[Spiffster]

Yet another question from a beginner reading a book.

What is wrong with this code:

char *p[][2] = {
…string table stuff…
};

int main()
{
int i;
char str[80];

printf("Enter apple name: ");
fgets(apple, 80, stdin);

/*search array */
for(i=0; *p[i][0]; i++){
if(!strcmp(apple, *p[i][0]))
printf("%s and %s.", str, *p[i][1]);
}
}

I copied it just like it says in my book, and when it gets the the for loop it quits with a bus error. It doesn't seem to look for a bad memory address. Please help me! (again ).

[lgerbarg]

Originally posted by Spiffster:
Yet another question from a beginner reading a book.

What is wrong with this code:

Code:
char *p[][2] = {
	…string table stuff…
	};
	
int main()
{
	int i;
	char str[80];
	
	printf("Enter apple name: ");
	fgets(apple, 80, stdin);
	
	/*search array */
	for(i=0; *p[i][0]; i++){
              if(!strcmp(apple, *p[i][0]))
			printf("%s and %s.", str,  *p[i][1]);
        }
}

I copied it just like it says in my book, and when it gets the the for loop it quits with a bus error. It doesn't seem to look for a bad memory address. Please help me! (again ).

The simple answer is the code is wrong, and any book that uses it as an example is not a good book to be learning from.

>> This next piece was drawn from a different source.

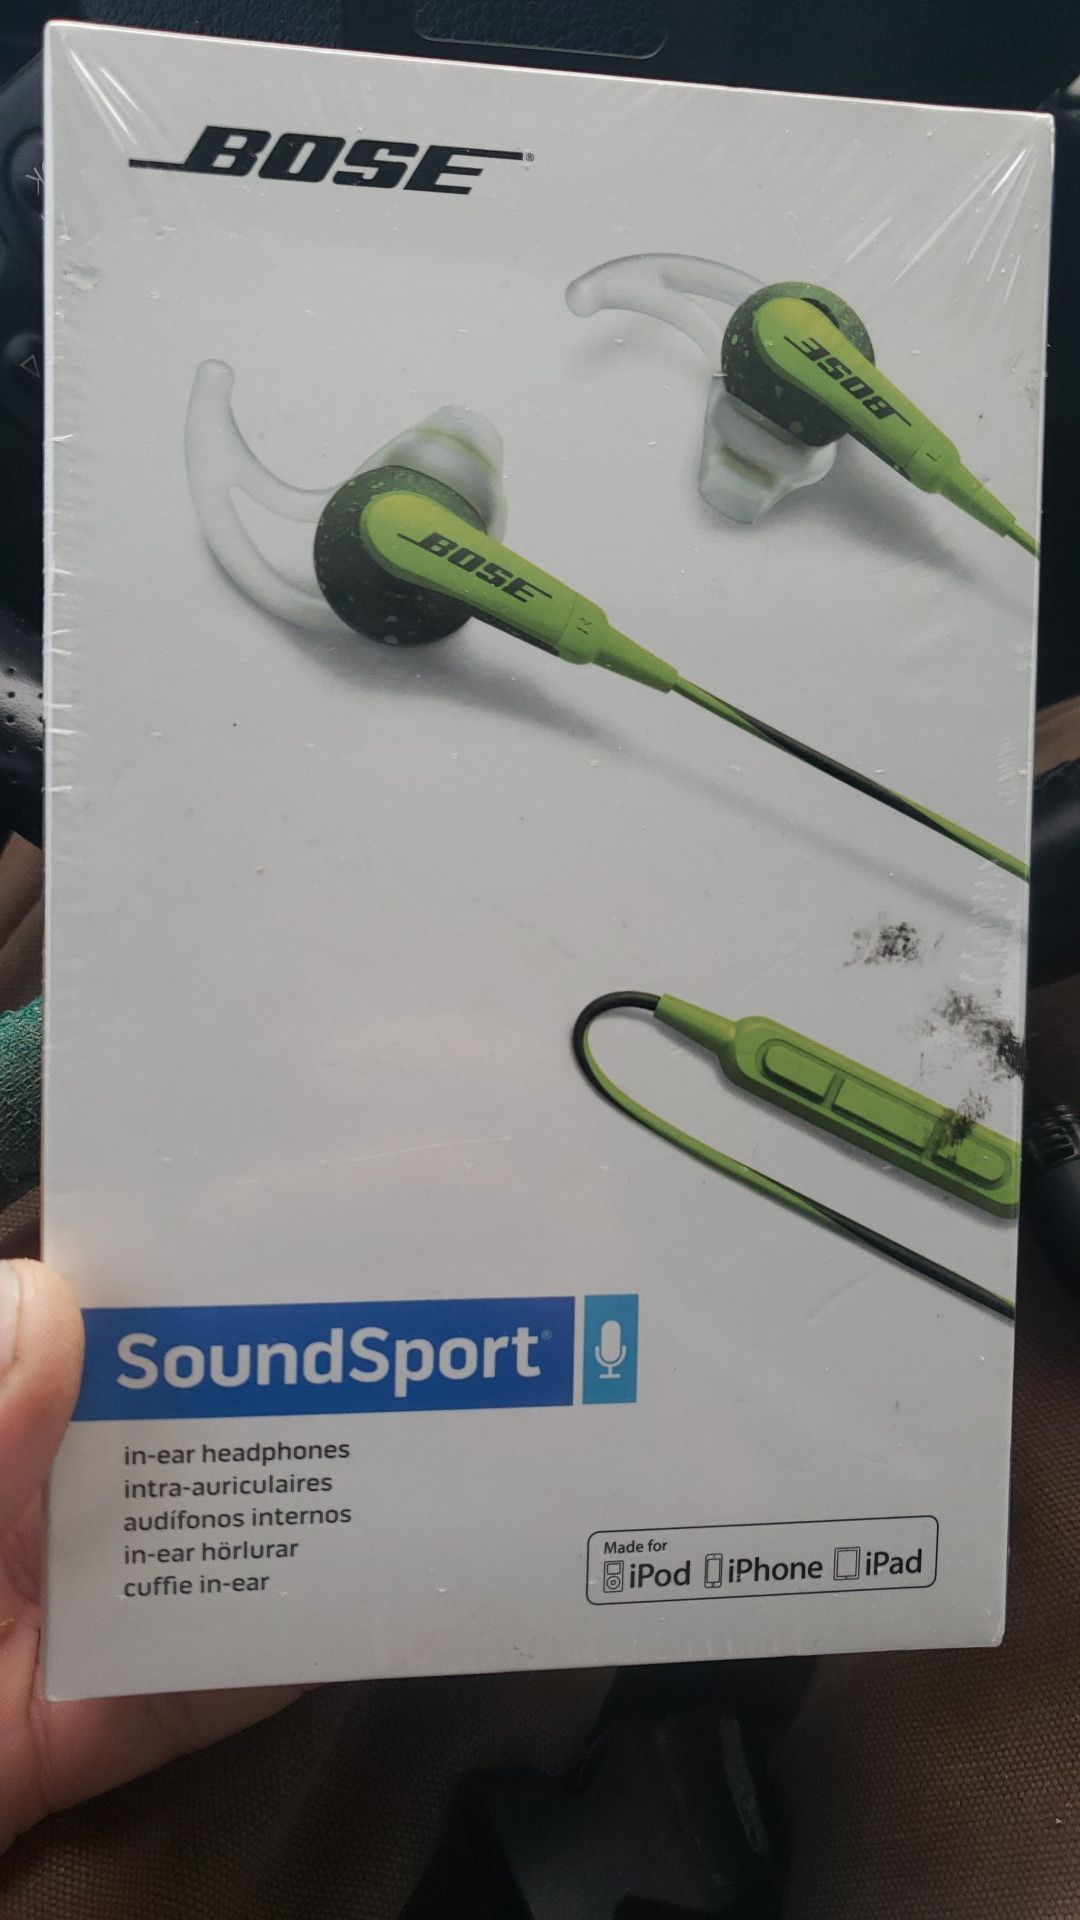 Bose Sound Sport ear buds

The longer answer is that its using arrays in a way that is basically pointer arithmatic. And its wrong. You could fix those bugs by changing the for loop to:

Code:
	/*search array */
	for(i=0; p[i][0]; i++){
              if(!strcmp(str, p[i][0]))
			printf("%s and %s.", str,  p[i][1]);
        }
}

And you also have to make sure that the last entry in the array is a NULL. Even that will probably not get you what you want, since the fgets will have a "\n" at the end of i, and chances are the strings in your array do not.

So if you want a fully working example you get:

Code:
#include <stdio.h>

char *p[][2] = {
        "apple\n",
        "test",
        NULL,
        NULL
};

int main()
{
        int i;
        char str[80];

        printf("Enter apple name: ");
        fgets(str, 80, stdin);

        /*search array */
        for(i=0; p[i][0]; i++){
                if(!strcmp(str, p[i][0]))
                printf("%s and %s.", str, p[i][1]);
        }
}

[tofueater:~] local% ./a.out 
Enter apple name: apple
apple
 and test.[tofueater:~] local%

Of course you probably want to strip the return from the end of string, but the way this code is arranged the only consistent way would be:

Code:
#include <stdio.h>

char *p[][2] = {
        "apple",
        "test",
        NULL,
        NULL
};

int main()
{
        int i;
        char str[80];

        printf("Enter apple name: ");
        fgets(str, 80, stdin);

        str[strlen(str)-1] = 0;

        /*search array */
        for(i=0; p[i][0]; i++){
                if(!strcmp(str, p[i][0]))
                printf("%s and %s.", str, p[i][1]);
        }
}

[tofueater:~] local% 
[tofueater:~] local% ./a.out
Enter apple name: apple
apple and test.[tofueater:~] local%

Again, this is not good fix, its just consistent with the exisiting code. I am somewhat curious what the book is, and what the chapter is about. Unless this from a chapter on pointer aliasing or something of the kin I would say the book is just totally rotten, and even then its really questionable code.

Louis

[Spiffster]

Actually, it was my fault. I tried to rewrite the example. It originally used array indexes, and i tried to rewrite it using pointer artihmatic. I guess i fscked up pretty baddly 8^).

[lgerbarg]

Originally posted by Spiffster:
Actually, it was my fault. I tried to rewrite the example. It originally used array indexes, and i tried to rewrite it using pointer artihmatic. I guess i fscked up pretty baddly 8^).

Its not bad for someones first time trying it, I thought it was actually a published example from a book. I would not have been quite so harsh had I realized that.

The thing you want to remember is that in C arrays are just syntactic sugar for pointer math. So in your above code:

a[i] is equivalent to (char *)(*(a + i) ) and
a[i][j] is equivalent to (char *)(*(a + i + j))

In fact that causes one of those fun oddities of C:

a[i][j] == a[j][i] == i[a][j] == j[i][a] .....

Louis